そこがZara Larssonらしいところです。傷ついているのに、受け身だけでは終わらない。危うさを抱えながらも、自分の存在感を強く見せるMVになっています。
歌詞のポイントは、恋愛感情の“矛盾”を隠さないこと
この曲の歌詞で重要なのは、語り手がかなり矛盾していることです。
普通なら「前に進もう」「もう忘れよう」と歌う場面で、「Ruin My Life」は逆に、相手に戻ってきてほしいと願います。しかも、その願い方がかなり極端です。

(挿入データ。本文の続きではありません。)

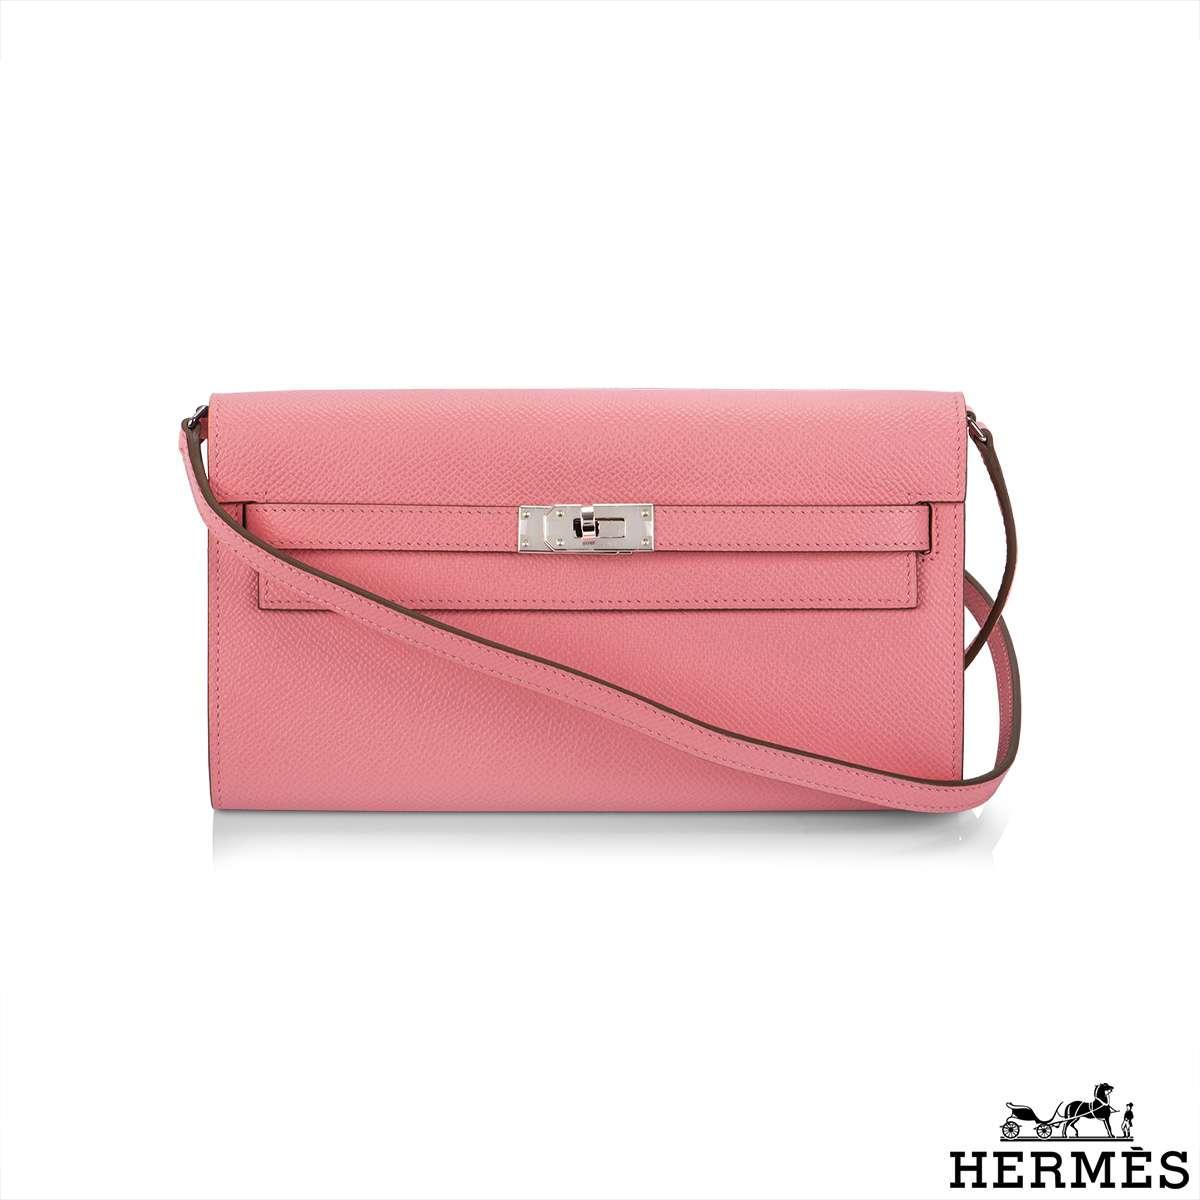 Hermès Rose Confetti Epsom Kelly Wallet To Go PHW

ここで描かれているのは、きれいに整理された失恋ではありません。
頭では分かっているのに、気持ちが追いつかない恋。
よくない関係だと知っているのに、強く惹かれてしまう感覚。
英語の「ruin」は「壊す」「台無しにする」という強い言葉ですが、この曲ではその強さが恋愛の中毒性を表しています。軽い未練ではなく、相手の存在が生活全体を乱すほど大きい。その過剰さが、サビのキャッチーさと結びついています。
歌詞を和訳として追うだけでなく、語り手の視点に注目すると、この曲はかなり人間くさい恋愛ソングとして響いてきます。
チャート実績が示す、Zara Larssonらしいポップの強さ
「Ruin My Life」は、UKシングルチャートで最高9位を記録しました。Zara Larssonは「Lush Life」「Never Forget You」「Ain’t My Fault」などで知られていますが、この曲はその中でも、恋愛の暗い感情をかなりストレートにポップへ変換した1曲です。
Zara Larssonの強みは、声の明るさと曲の感情が必ずしも同じ方向を向いていないところにあります。
明るく歌える。
でも、歌っている内容は少し危うい。
そのズレがあるから、単なる失恋ソングではなく、聴いたあとに少し引っかかる曲になります。
今あらためて聴くと、2010年代後半のグロッシーなポップの質感と、恋愛の不安定さを隠さない歌詞がきれいに重なっています。派手なヒット曲としてだけでなく、Zara Larssonの“強い声で弱さを歌う”魅力がよく出た曲です。
どんな人に刺さる曲か
「Ruin My Life」は、明るいポップソングとして気軽に聴ける一方で、歌詞を追うとかなり重たい感情が見えてきます。
特に刺さりやすいのは、次のような人です。
- 忘れたい相手をなかなか忘れられない人
- 明るい曲調の中に切なさがある洋楽が好きな人
- Zara Larssonの力強いボーカルを楽しみたい人
- 恋愛のきれいごとではない部分を描いた曲が好きな人
- ファッション性のあるポップMVを見たい人
MVまで見ると、この曲の印象はさらに濃くなります。部屋、衣装、カメラ目線、混乱した動き。そのすべてが、恋に振り回されながらも自分を失いきらないZara Larssonの存在感につながっています。
「Ruin My Life」は、危ない恋を美化しきる曲ではなく、その危うさをポップの形で正面から見せる曲です。聴き終えたあとに残るのは、甘さだけではなく、もう戻らない方がいいと分かっているのに振り返ってしまう、あの少し苦い余韻です。